Personal information
- Full name: Thirumalai Ananthanpillai Sekhar
- Born: 28 March 1956 (age 70) Madras, Madras State, India
- Batting: Right-handed
- Bowling: Right-arm fast-medium

International information
- National side: India;
- Test debut (cap 163): 23 January 1983 v Pakistan
- Last Test: 30 January 1983 v Pakistan
- ODI debut (cap 44): 21 January 1983 v Pakistan
- Last ODI: 27 January 1985 v England

Career statistics
| Competition | Test | ODIs | FC |
| Matches | 2 | 4 | 44 |
| Runs scored | 0 | – | 495 |
| Batting average | – | – | 14.14 |
| 100s/50s | 0/0 | 0/0 | 0/1 |
| Top score | 0* | – | 58 |
| Balls bowled | 204 | 156 | 6,070 |
| Wickets | 0 | 5 | 130 |
| Bowling average | – | 25.60 | 27.73 |
| 5 wickets in innings | – | 0 | 7 |
| 10 wickets in match | – | 0 | 2 |
| Best bowling | – | 3/23 | 9/54 |
| Catches/stumpings | 0/– | 0/– | 19/– |
- Source: Cricinfo, 30 April 2026

= T. A. Sekhar =

Indian cricketer (born 1956)

Thirumalai Ananthanpillai Sekhar (born 28 March 1956 in Madras) is a former fast bowler who represented India in Test cricket and One Day Internationals.

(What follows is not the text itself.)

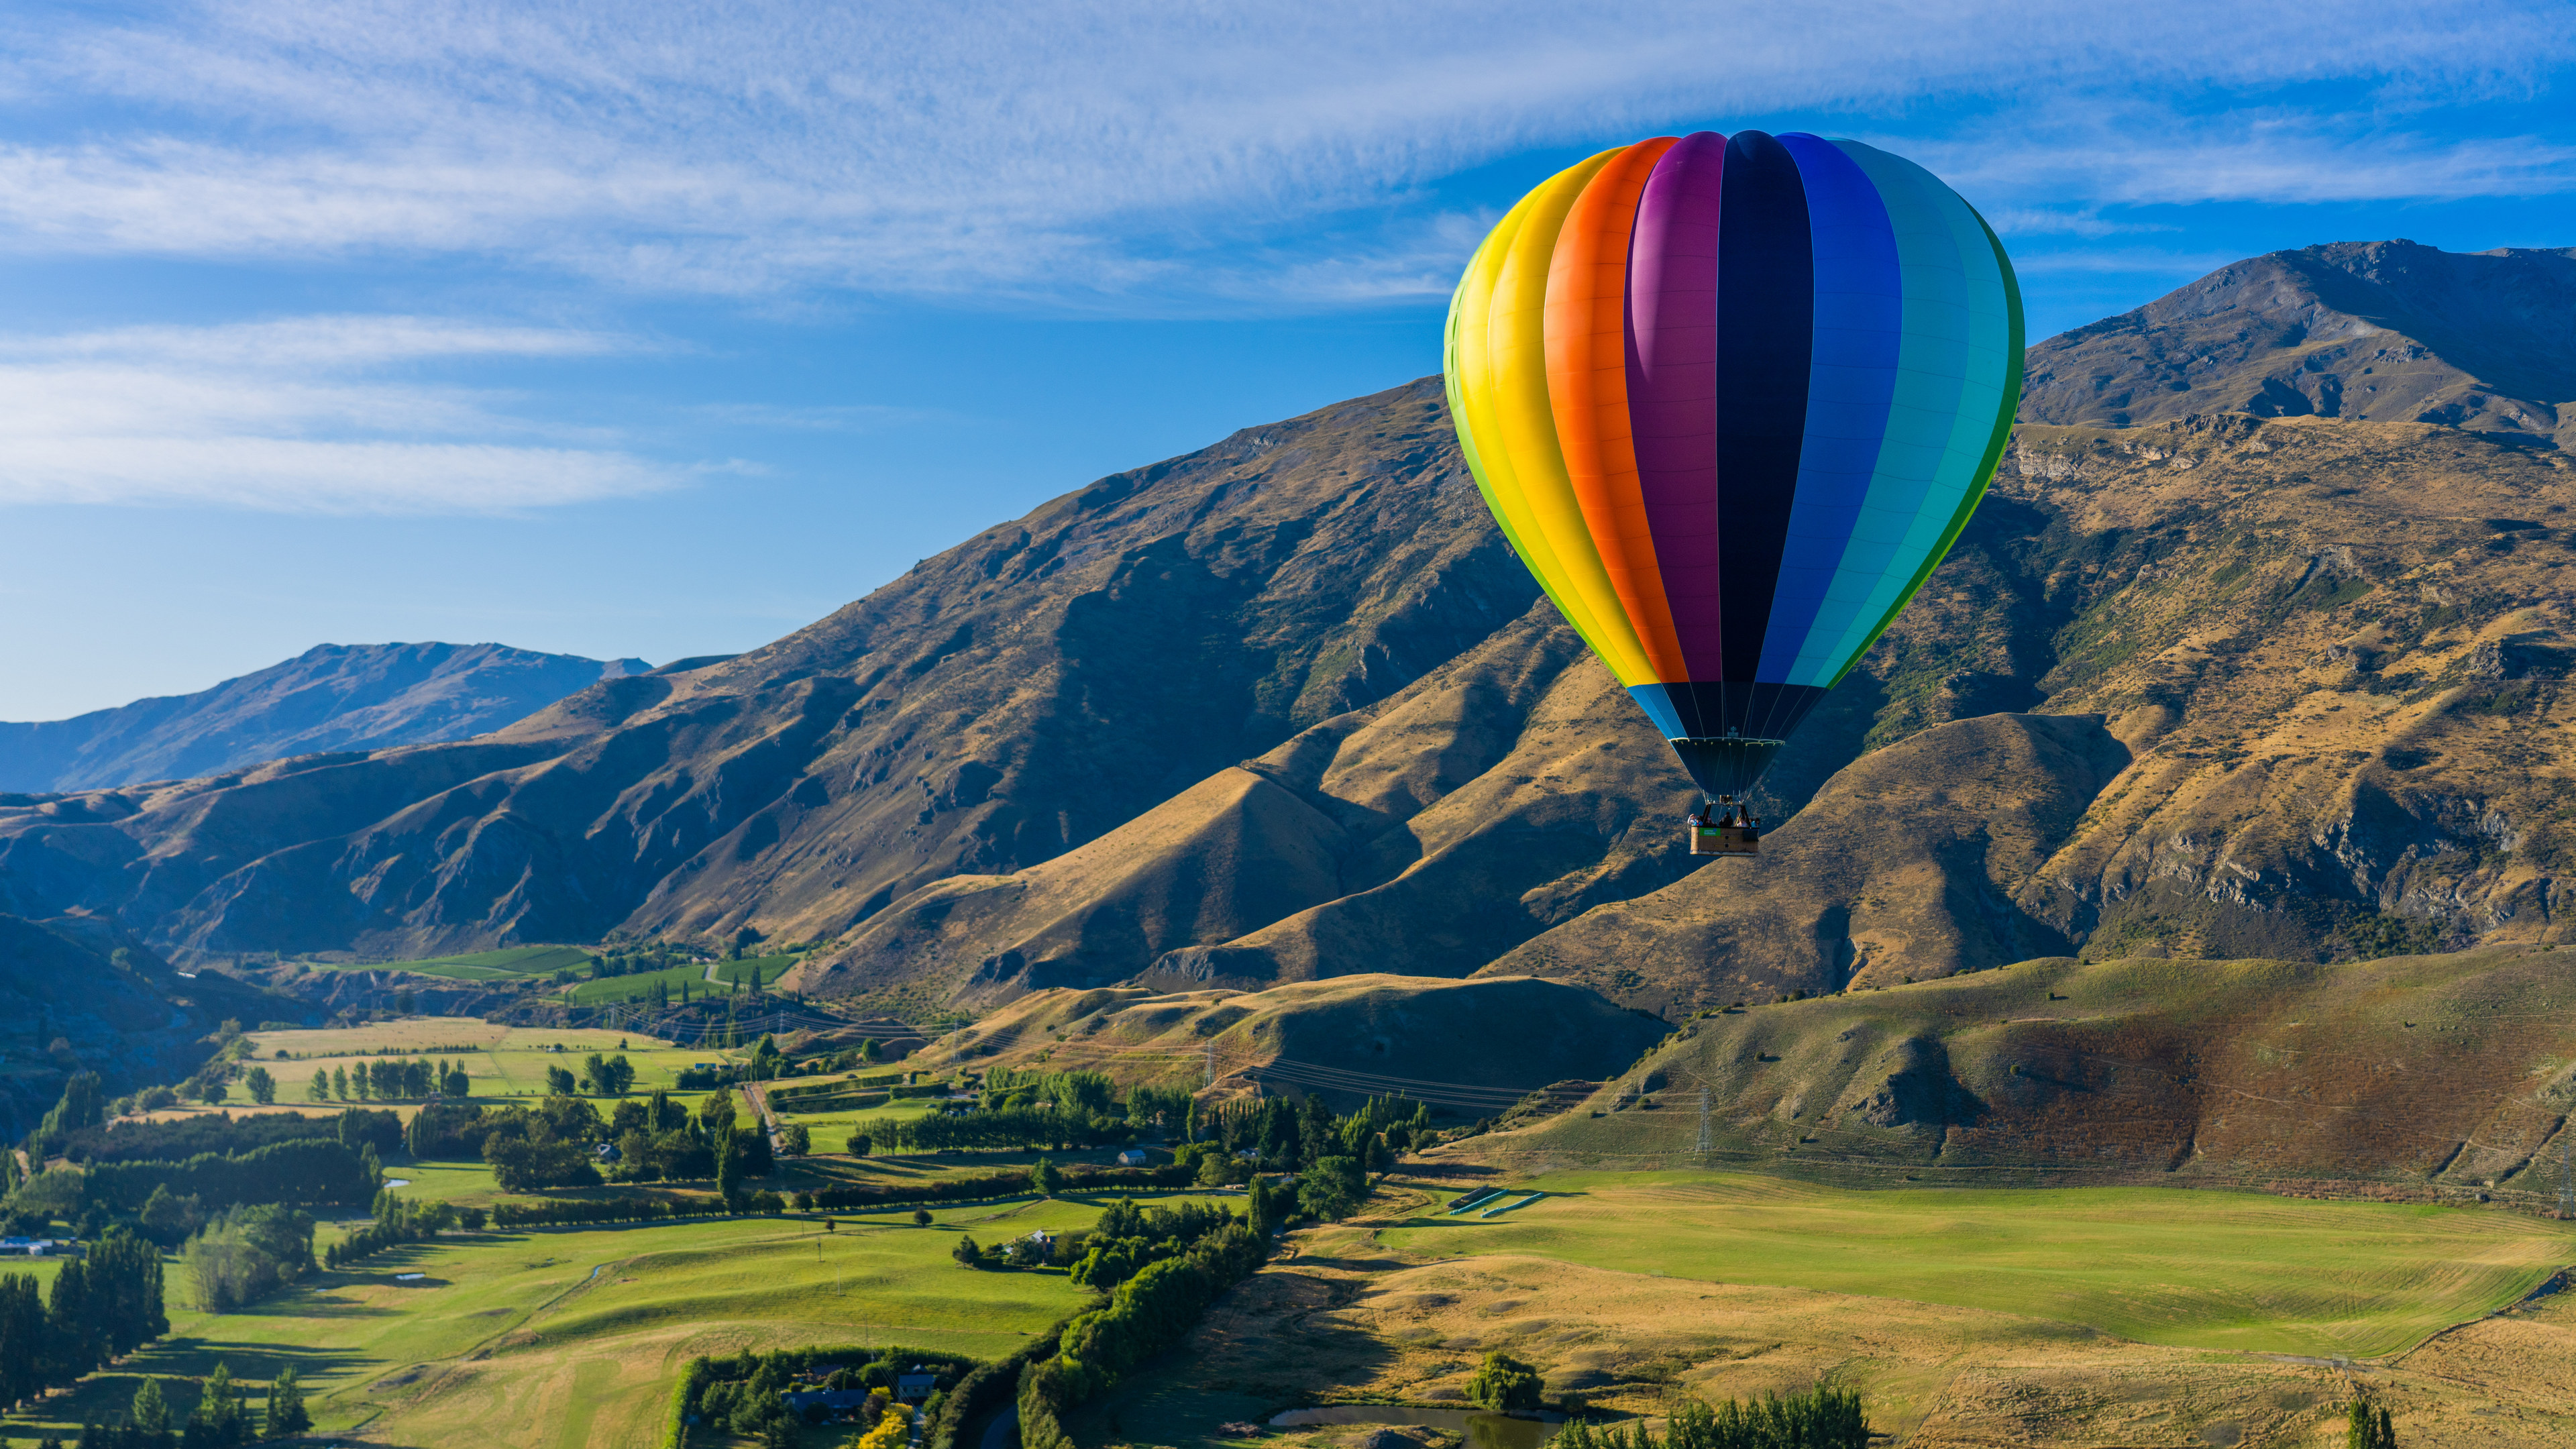 General 3840x2160 landscape 4K New Zealand nature hot air balloons mountains sky clouds trees

Sekhar was one of the fastest bowlers in India in the early eighties. His two Test matches were in the 1982–83 season when he was flown out to Pakistan to replace the injured Madan Lal. He did not take a wicket in either match. He played a One Day International in that series and three more against England two years later.

Sekhar played for Tamil Nadu between 1976/77 and 1987/88 taking 74 wickets. His career best effort was 9 for 54 against Kerala in 1982/83. He played for Madhya Pradesh for two seasons before bowing out of the game.

Since then his major contribution to Indian cricket was as a bowling coach at the MRF Pace Foundation in Chennai where he was chief coach for several years, working with leading pace bowlers from across the world. He also served as South Zone representative on the National Selection Committee for a period of time. He was later appointed as a talent scout for Mumbai Indians.